Expression of Transforming Growth Factor Beta 1 in Lung Adenocarcinoma and Its Relationship with Circulating Tumour Cells
摘要
To investigate the relationship between the expression of transforming growth factor beta 1 (TGF-β1), epithelial–mesenchymal transition (EMT)-related proteins, circulating tumour cells (CTCs) positivity rate and tumour differentiation degree in lung adenocarcinoma. A prospective study was conducted, including 78 patients with lung adenocarcinoma who underwent surgical resection at our hospital between March 2021 and December 2021. Clinical data, lung adenocarcinoma and adjacent tissues were collected. Western blot, immunohistochemistry and RT-PCR were used to detect the expression of TGF-β1, EMT-related proteins (E-cadherin, vimentin) and mRNA in lung adenocarcinoma. Peripheral blood for CTC analysis was collected within 1 week before surgical resection. Pearson correlation analysis was employed to assess the relationship between TGF-β1, EMT and CTCs. There was a significant correlation between the positive rate of CTCs and the degree of tumour differentiation in patients with lung adenocarcinoma (P < 0.05). The expression of TGF-β1 increased significantly as the degree of differentiation decreased (P < 0.05). It was positively correlated with vimentin expression and negatively correlated with E-cadherin expression (P < 0.05). High expression of TGF-β1 in lung adenocarcinoma promotes EMT and the occurrence of CTCs and is associated with the degree of tumour differentiation.
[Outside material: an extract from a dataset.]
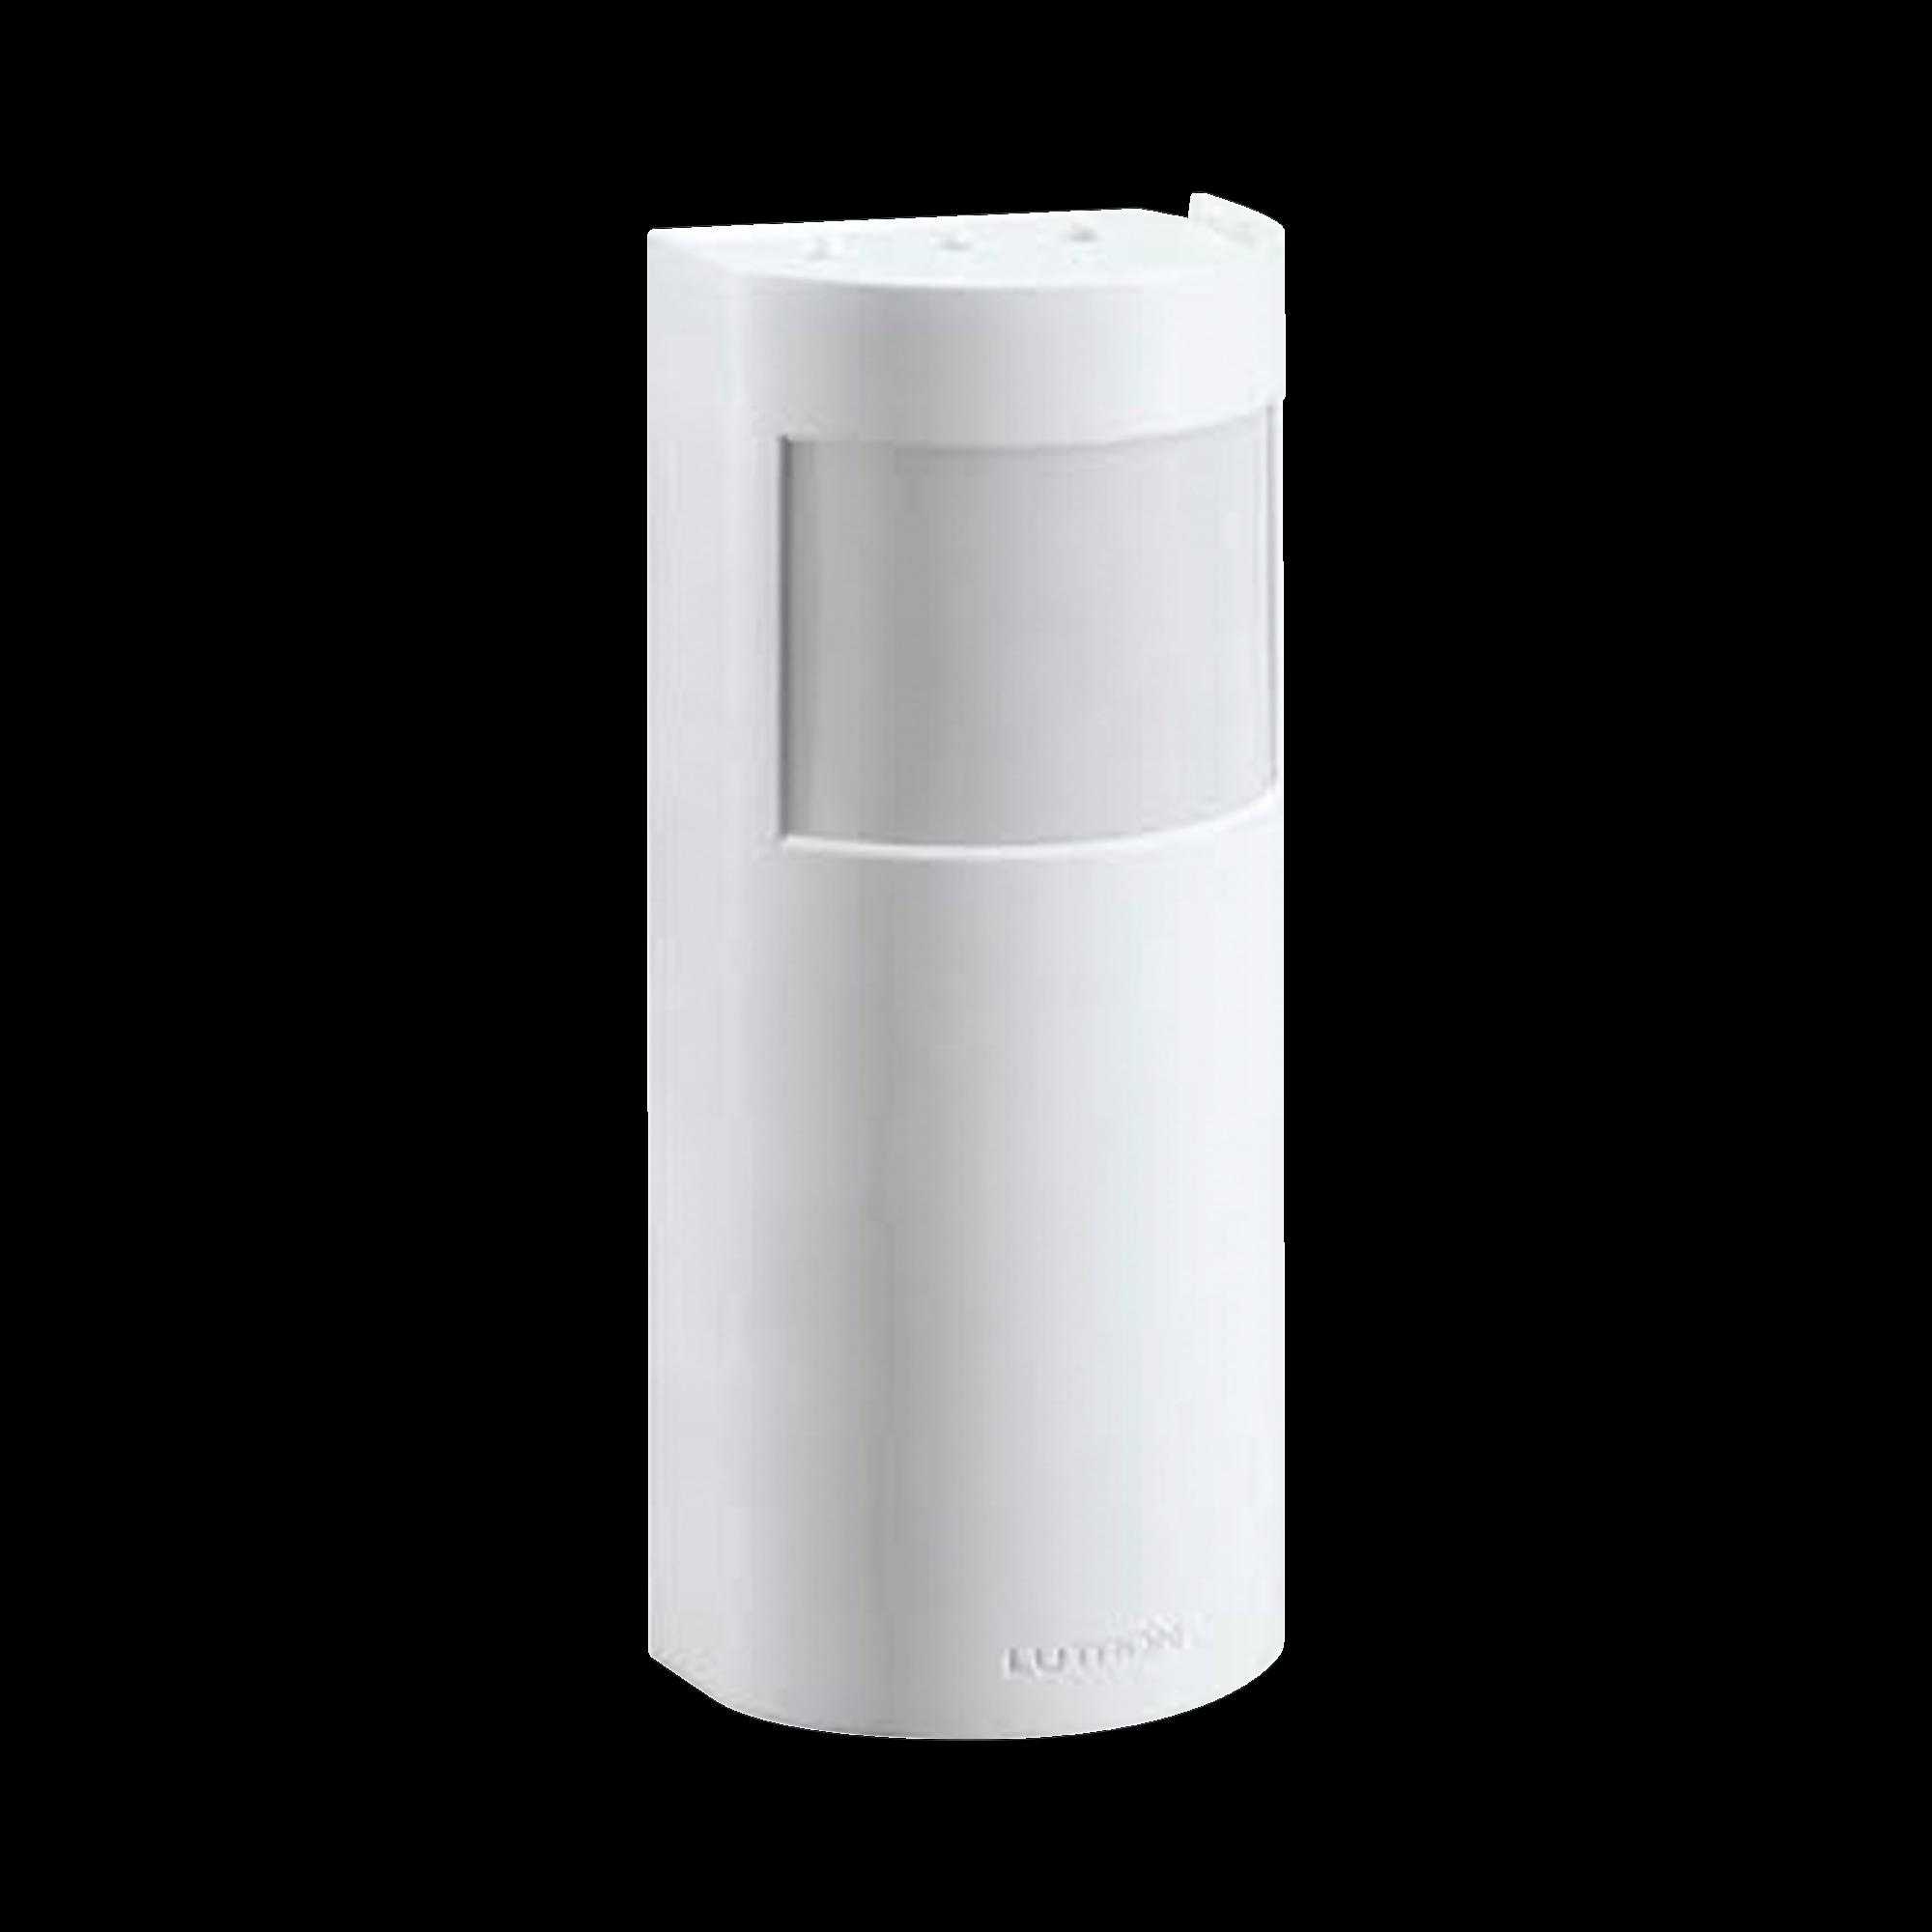 Sensor de movimiento vacancia/ocupancia para sistemas Caseta Wireless LUTRON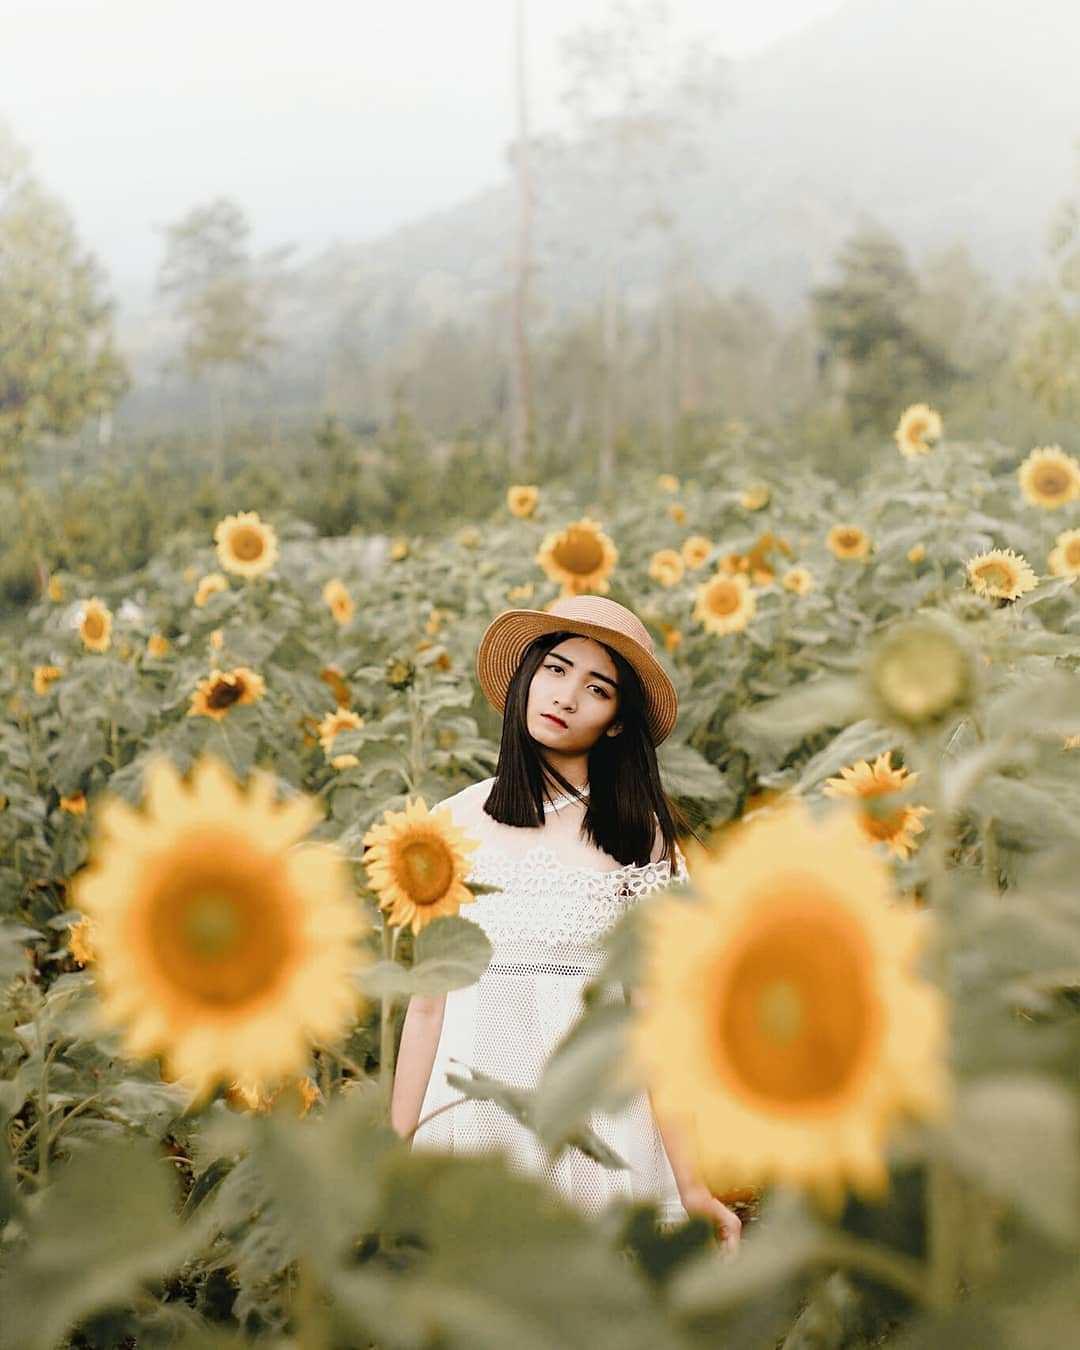 Nggak Perlu Ke Luar Negeri Untuk Foto Bareng Bunga Bunga

Graphical AbstractIn 78 treatment of naïve patients with stage I-II lung adenocarcinoma, TGF-β1 expression increased as tumour differentiation declined, accompanied by E‑cadherin downregulation and vimentin upregulation, indicating EMT activation. Preoperative CTC detection using ISET showed a higher CTC-positive rate and exclusive CTC clusters in poorly differentiated tumours, whereas well/moderately differentiated tumours released single CTCs. Transcriptional analysis of CTCs confirmed a TGF-β1-driven EMT signature mirroring the primary tumour. These findings establish a TGF-β1-EMT-CTC axis linking poor differentiation to enhanced CTC shedding and clustering, suggesting a non‑invasive biomarker for early metastatic risk.